Cynomorium coccineum

Maltese sponge ( cynomorium coccineum )

Maltese sponge ( cynomorium coccineum ) is a rare plant species and a full parasites ( Holoparasit ). It is one of two species in the genus cynomorium, which is the only genus of the family of Cynomoriaceae.

Description

The Maltese sponge is a reddish brown, phalloid fungus-like, about 15 to 30 cm tall plant without chlorophyll. He parasitized at the roots of salt shrubs and plants along the coast. The plant is in addition to appearing at bloom sprouts from an underground, branched rhizome.

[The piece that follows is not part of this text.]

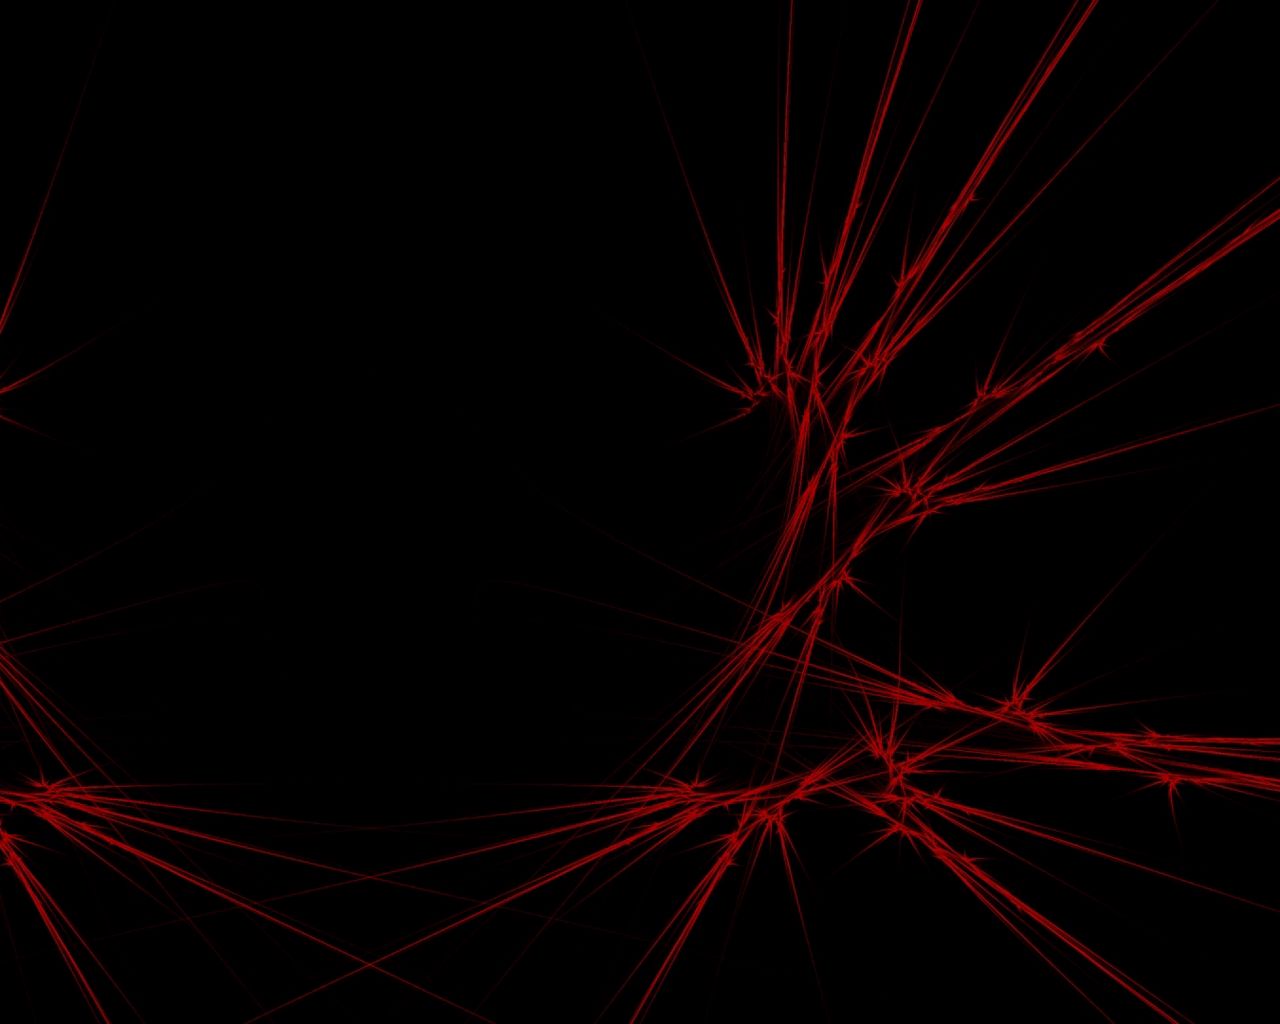 Download wallpaper 1280x1024 red, black, abstract standard 5:4 hd background

The shoot ends in a terminal brown red inflorescence. The individual flowers are in the axils of triangular scaly leaves. The unisexual flowers have bracts that are reduced to lobed appendages. The male flowers have only one stamen.

Occurrence

Except on the rock Fungus Rock in front of the Maltese island of Gozo is the Maltese sponge in Italy, such as Sicily on the West Coast Nature Reserve Riserva naturale Saline di Trapani e Paceco and the large ponds of Marsala, in Sardinia and in the Archipelago Natural Park La Maddalena, off the island of Lampedusa. Other reserves are found in the south of Corsica, Oman, Morocco and Spain, as in the Parque Natural de Gata in the hinterland of Almería, in the Parque Natural de la Bahia de Cádiz. Cynomorium coccineum grows in salt marshes and marine sands.

Use

In the 16th and 17th centuries it was the panacea of the great hospital of Malta in Valletta. The dark red extract of cynomorium coccineum found use in the treatment of wounds, bleeding and injuries, but was also used as an aphrodisiac. In the 17th and 18th century, when it became the Order, the extract for exorbitant sums to the European royal houses for sale, the plant came to also economic importance. The Maltese kept the plant jealous and built in the early 18th century even a watchtower on the coast. The rocks could only be achieved in a basket which was pulled over a distance of 35 m on ropes between Gozo and the island back and forth.